A visit to the clinic is filled with pointed questions, asked of the patient by no one in particular—a portal, a prompt, automated and oriented by compliance. Questions about status, satisfaction, sadness, and work; about getting out of bed, lifting heavy objects, and how much of our social life has been interrupted. Some questions seem to recognize the specificity of our experience, while others seem wholly misdirected. What pattern could capture us completely?
In my effort to explain the sensations of having a bodymind inside of automated systems of capture, I will refer to experiences which you, reader, may not share. This is ok: these gaps between us—intervals—are the basis for my efforts, where shared experience resides as allegory, recognition, and room to learn.
There are three main axes for this dissertation:
1. Analysis and Imagination
2. Artificial Intelligence (AI) and Patient-Generated Health Data (PGHD)
3. Informed Consent and Shared Decision Making
Each of these axes represents a possible assemblage, or synthesis, of different approaches to care. Analysis is a precondition for imagination: what we learn, combined with what we know, helps us to confront what we think of as possible. The integration of automated analysis and prediction (AI) with first-person testimony (PGHD) is enthusiastically promoted as a means of easing the burden of disease by better understanding a patient’s experience in context. At the same time, this integration carries enormous risk if not implemented ethically, and with respect for the whole patient. As a cautionary example at the center of this integration, informed consent practices fail to keep pace with changes in both technology and moral imagination. Attuned to compliance requirements, these practices are insensitive to patient needs. This failure motivates an embrace of shared decision making as an ethical approach to building trust and comprehension. However, both of these models are supported by a set of assumptions about autonomy and dependence that continue to shape what is possible in terms of law, technology, and imagination.
Aim:
This dissertation seeks to locate possibilities for incorporating patients’ points of view into systematized models of care, particularly those premised on the use of predictive analytics, automation, and artificial intelligence. This process of incorporation, or synthesis, is held up as a model for producing better representations of, and insight into, the experience and effects of illness, with the overall goal of improving patient experience.
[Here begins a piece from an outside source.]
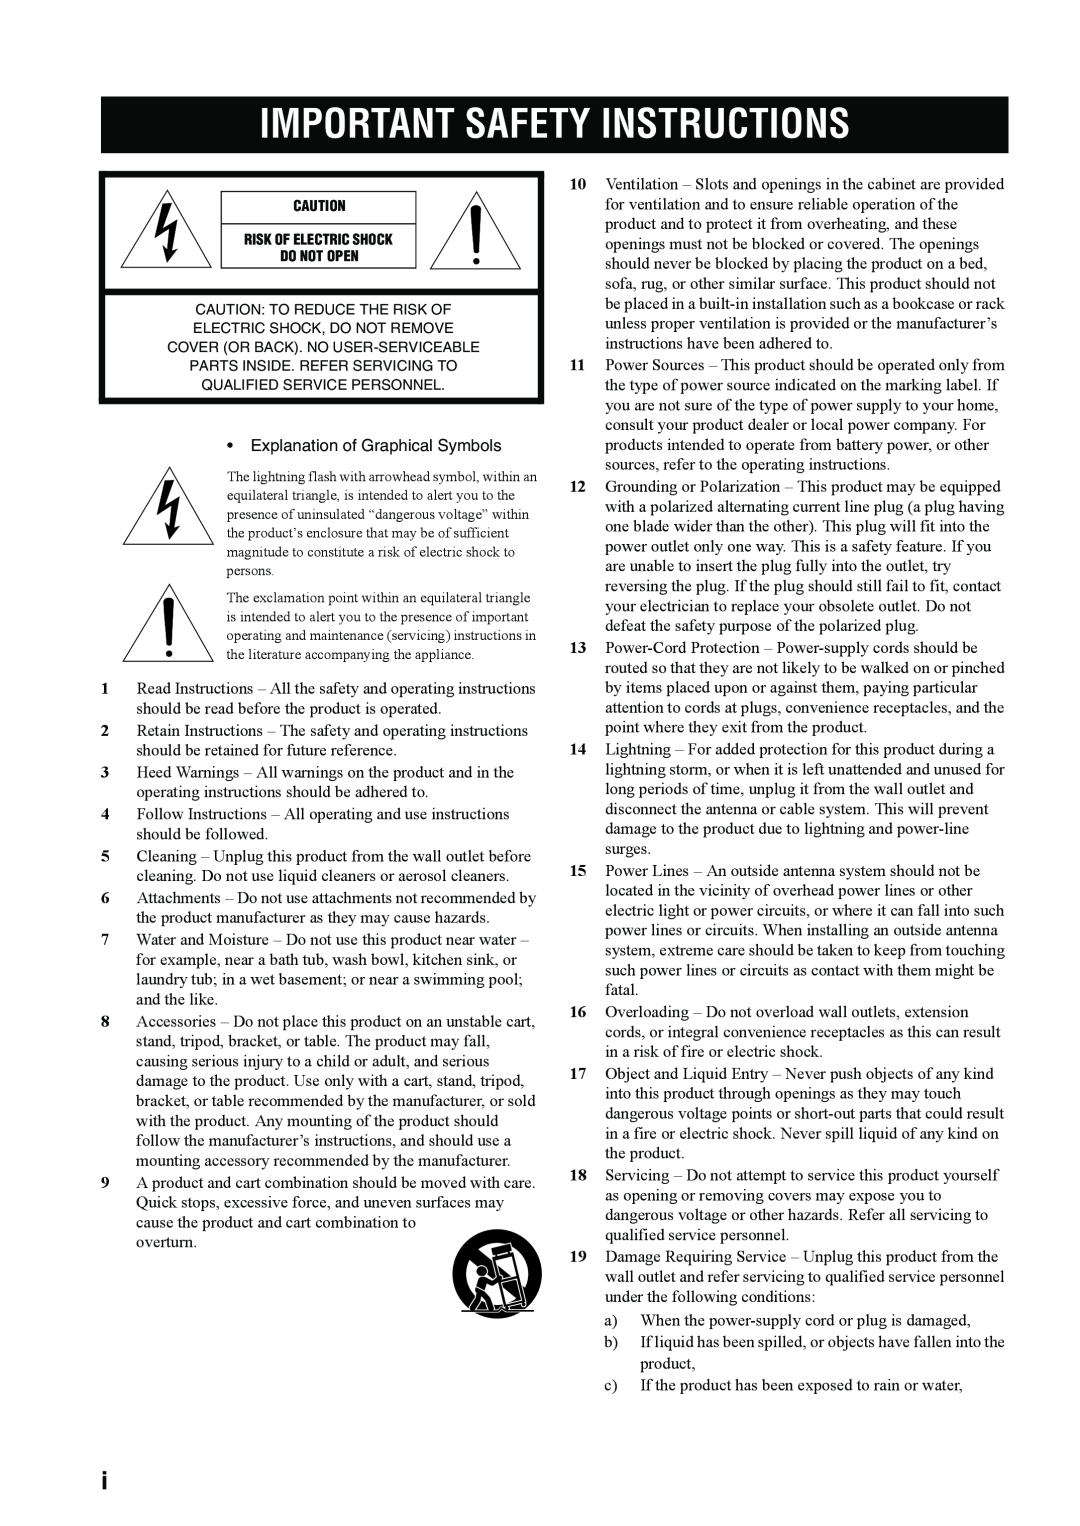 Yamaha RX-V4600 owner manual Important Safety Instructions, Explanation of Graphical Symbols 
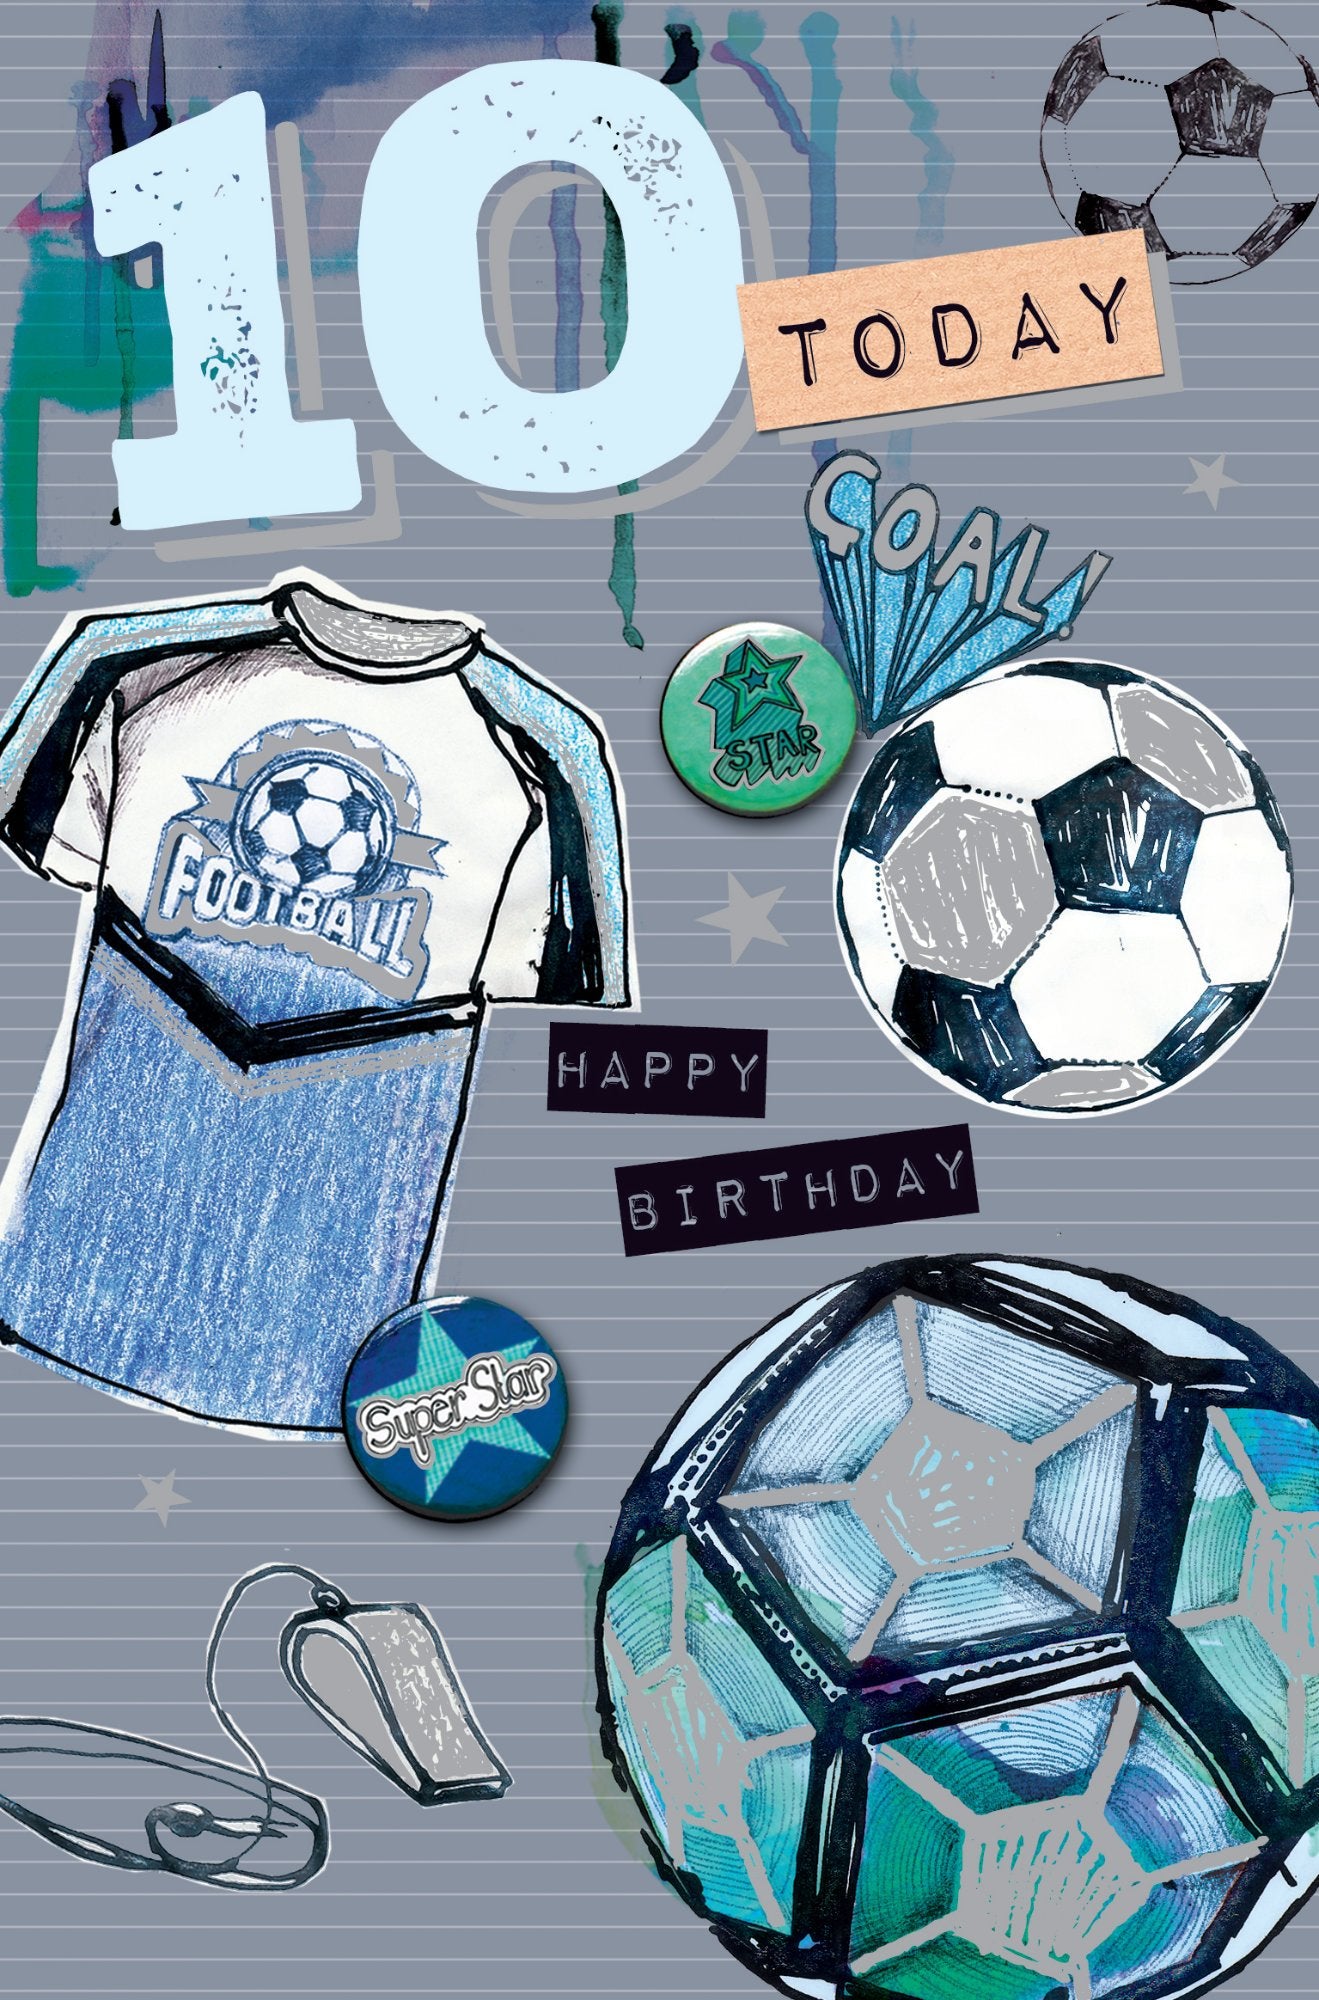 Photograph of 10th Birthday Footballs Greetings Card at Nicole's Shop

The research as it is presented here is intended to be plainly legible to a general audience. In particular, it is written for those who have, as a patient or caregiver contending with serious illness or disability, become entangled with medicalized technologies. It is presented with an interdisciplinary curiosity and experimental spirit, in the hope of opening numerous points of entry to the concepts which it explores.
It is further hoped that the questions addressed here will resonate closely with those whose expertise in patient-centered medicine—clinicians, researchers, patient advocates and policy makers—has led to similar lines of inquiry.
Outline:
There are three analysis sections, each takes a different path. There are two creative texts (“Self-Writing” and “Sentences about rivers and cancers”). There are many illustrations. There is a glossary. There is an exhibition text (“There is almost not an interval”).
Analysis 1: Analysis Helps Us to Imagine Better
* Format: Critical analysis
* Methodologies: post-qualitative, non-representational, context-rich
* Research questions:
* What are the possibilities for using analysis to assist with imagination? How do we define these terms?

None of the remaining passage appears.